At block 1960, a layer of low index material and/or a DBR is formed over the pixel mesa structures and on the second transparent conductive layer with the larger footprint than the pixel mesa structures, for example, as shown in FIG. 18F. In one example, the low index material may include SiO2. A window may be formed in the layer/DBR to the second transparent conductive layer.
At block 1970, a metal layer is deposited on the layer of low index material and/or a DBR and through the window to contact the second transparent conductive layer, for example, as shown in FIG. 18G. A metal plug may be formed in the window through the layer of low index material and/or a DBR. The metal layer may include one or more metal or metal alloy materials, such as aluminum (Al), silver (Ag), gold (Au), platinum (Pt), titanium (Ti), copper (Cu), or any combination thereof. In this example, the high reflectivity wide bonding pad electrode includes the metal layer. In one implementation, the metal layer forms pads that may be bonded to a CMOS backplane. In one implementation, the substrate may be removed and lenses formed on the backside as shown, for example, in FIG. 18H.
In certain implementations, the metal layer includes a metal plug passing through the layer of low index material and/or a DBR. According to one aspect, the metal plug is formed to contact an end portion of the second transparent conductive layer having a larger footprint than the pixel mesa structure such that the metal plug may be located in a dead zone between micro-LEDs. In one example, the metal layer is ring-shaped. In another example, the metal plug is ring shaped and centered around a central axis of the pixel mesa structure. In other aspects, the metal plug 1692 may have another shape including, for example, multiple vias, pillars, linear segments, or arc segments. In one example, the metal plug may be polygon shaped such as rectangular, hexagonal. The metal layer for each micro-LED may have a size equal to, or larger than, the size of the mesa structure such as, for example, more than 10%, more than 20%, or more than 30% greater than the size of the mesa structure.
Examples of Micro-LEDs with High Reflectivity Mesa Sidewall Electrode and Wide Bonding Pad Electrode
FIG. 20 is a cross-sectional view of another example of two micro-LEDs 2000 with high reflectivity mesa sidewall electrodes and high reflectivity wide bonding pad electrodes, according to certain embodiments. The two micro-LEDs 2000 may be adjacent to each other in a micro-LED array or other LED device and may be an example of a light emitter in, e.g., light source 510, 540, or 642. Each micro-LED 2000 includes a mesa structure 2005 with sidewalls 2006. Although FIG. 20 shows conical mesa structures 2005 with a circular base, the micro-LEDs 2000 may have mesa structures of other shapes and the base area may be circular, rectangular, hexagonal, or triangular.
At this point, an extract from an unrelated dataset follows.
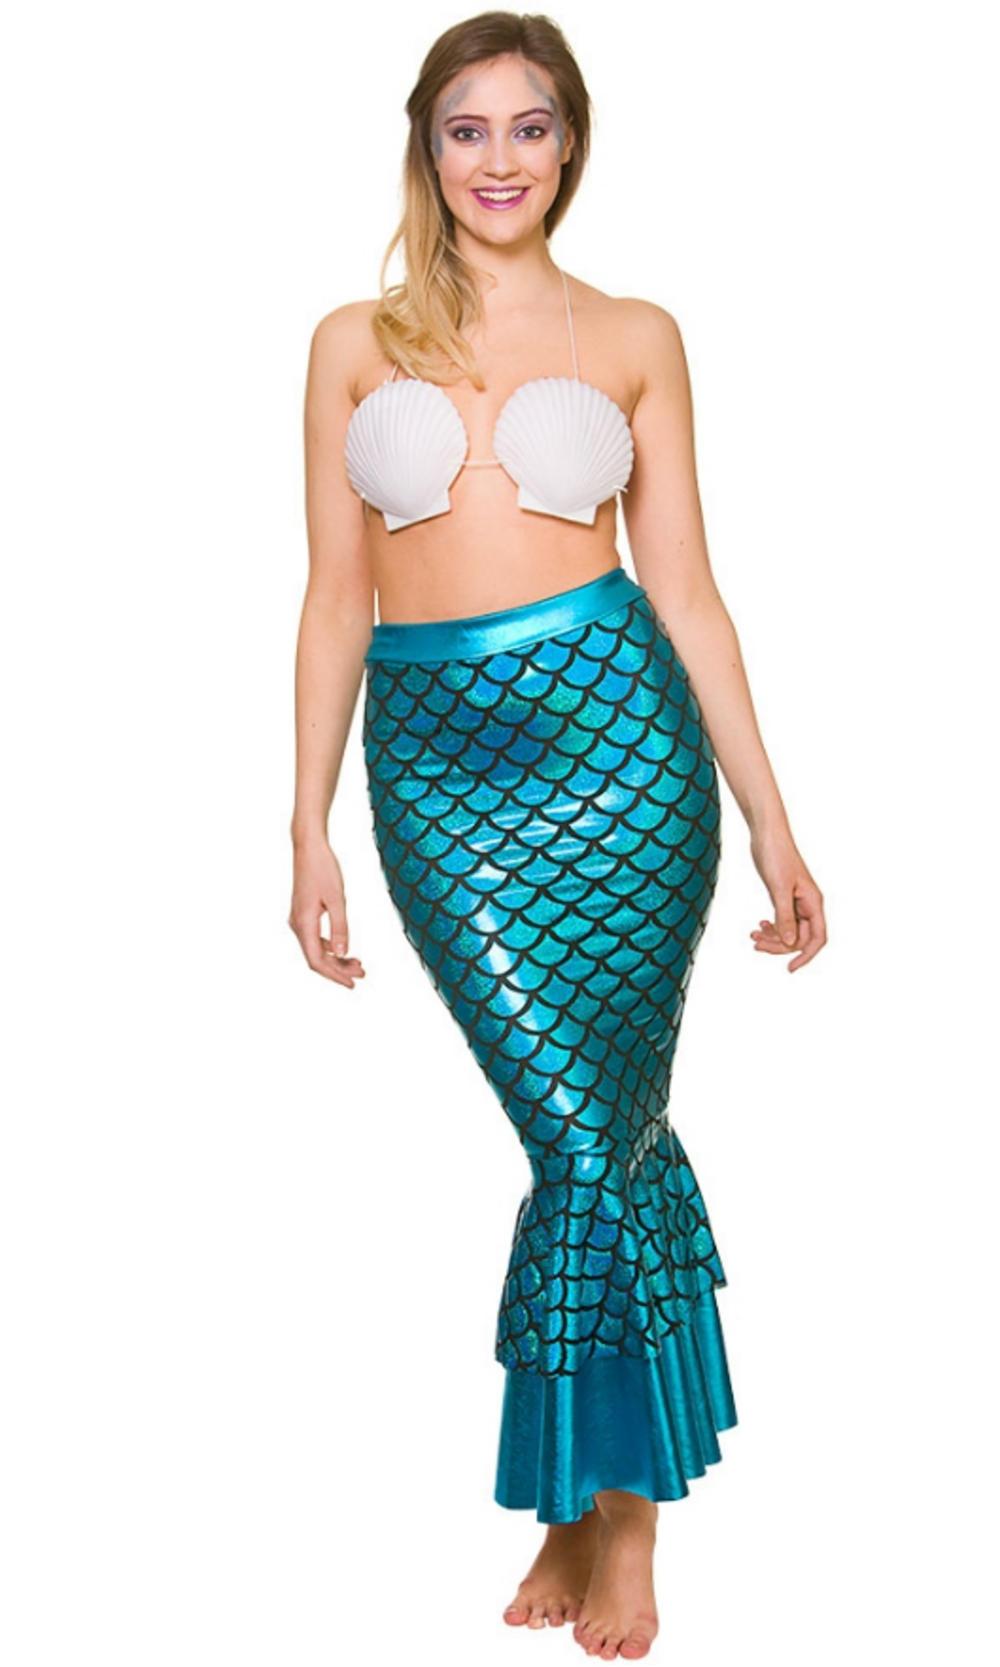 Mermaid Skirt Ladies Accessory
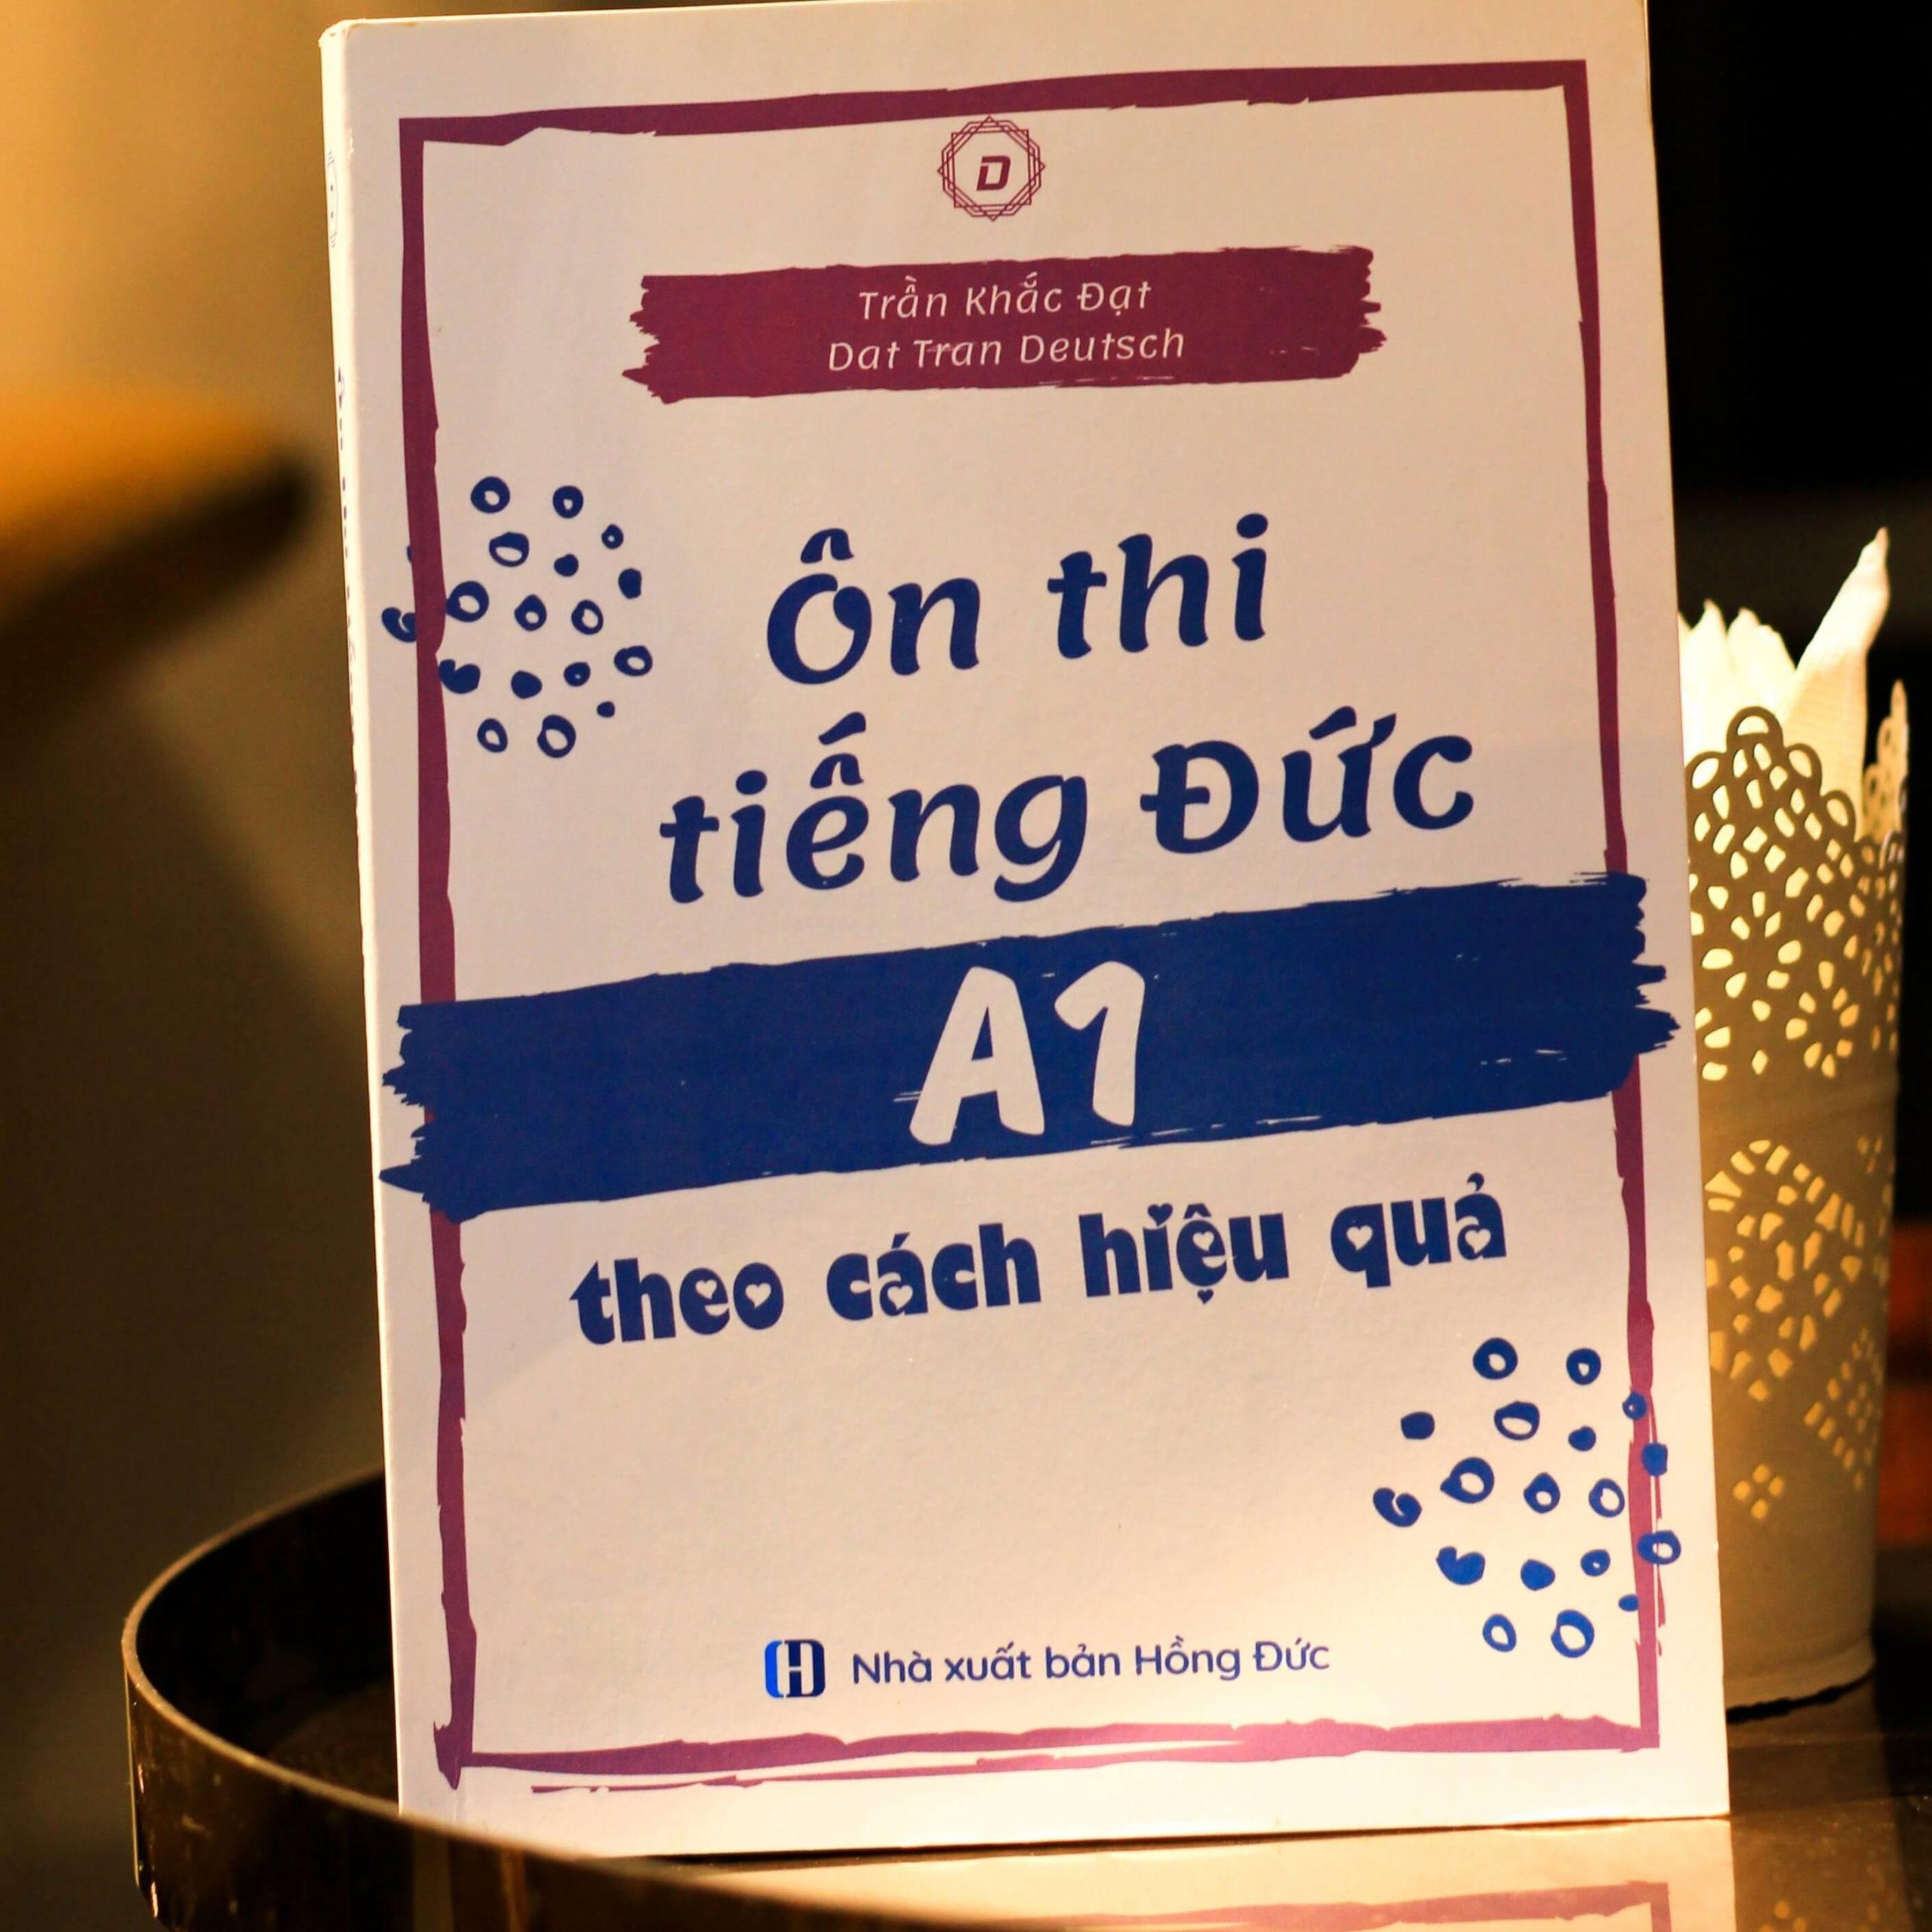 sach-on-thi-tieng-duc-theo-cach-hieu-qua-dattrandeutsch-2020-scaled.jpg

In FIG. 20, each mesa structure 2005 has an LED stack that includes a layer of the first semiconductor material 2010, an active layer 2020 formed on the layer of the first semiconductor material 2010 and a layer of a second semiconductor material 2030 formed on the active layer 2020. Layer of the first semiconductor material 2010 may be epitaxially grown on a substrate (not shown) with a buffer layer 2002 disposed thereon. The substrate may be similar to, for example, substrate 710 or substrate 715. Layer of the first semiconductor material 2010 may include a III-V material, such as GaN, and may be p-doped (e.g., with Mg, Ca, Zn, or Be) or n-doped (e.g., with Si or Ge). In one example, the substrate may include a GaN substrate or a sapphire substrate with a buffer layer, and layer of the first semiconductor material 2010 may include a GaN layer n-doped with, for example, Si or Ge. In another example, the substrate may include a GaAs substrate. In one implementation, the layer of the first semiconductor material 2010 and the layer of a second semiconductor material 2030 may include the same base material with different doping. Each mesa structure 2005 also includes one or more epitaxial layers, such as, e.g., GaN barrier layers and InGaN quantum well layers, or AlGaInP barrier layers and GaInP quantum well layers, that may be grown on layer of the first semiconductor material 2010 to form an active layer 2020 that includes one or more quantum wells. Active layer 2020 may include multiple quantum well layers having lower bandgap materials that are sandwiched by barrier layers having higher bandgap materials (e.g., III-V materials) to form one or more quantum wells or MQWs. In one aspect, active layer 2020 may comprise a nitride, phosphide, or arsenide alloy. Layer of the second semiconductor material 2030 may include a III-V material, such as GaN, and may be p-doped (e.g., with Mg, Ca, Zn, or Be) or n-doped (e.g., with Si or Ge). One of layer of the first semiconductor material 2010 and layer of the second semiconductor material 2030 may be a p-type layer (e.g., a p-GaN layer) and the other one may be an n-type layer (e.g., n-GaN layer). For example, layer of the first semiconductor material 2010 may be an n-GaN layer and layer of the second semiconductor material 2030 may be a p-GaN layer. Layer of the first semiconductor material 2010 and layer of the second semiconductor material 2030 sandwich active layer 2020 and may form a light emitting region.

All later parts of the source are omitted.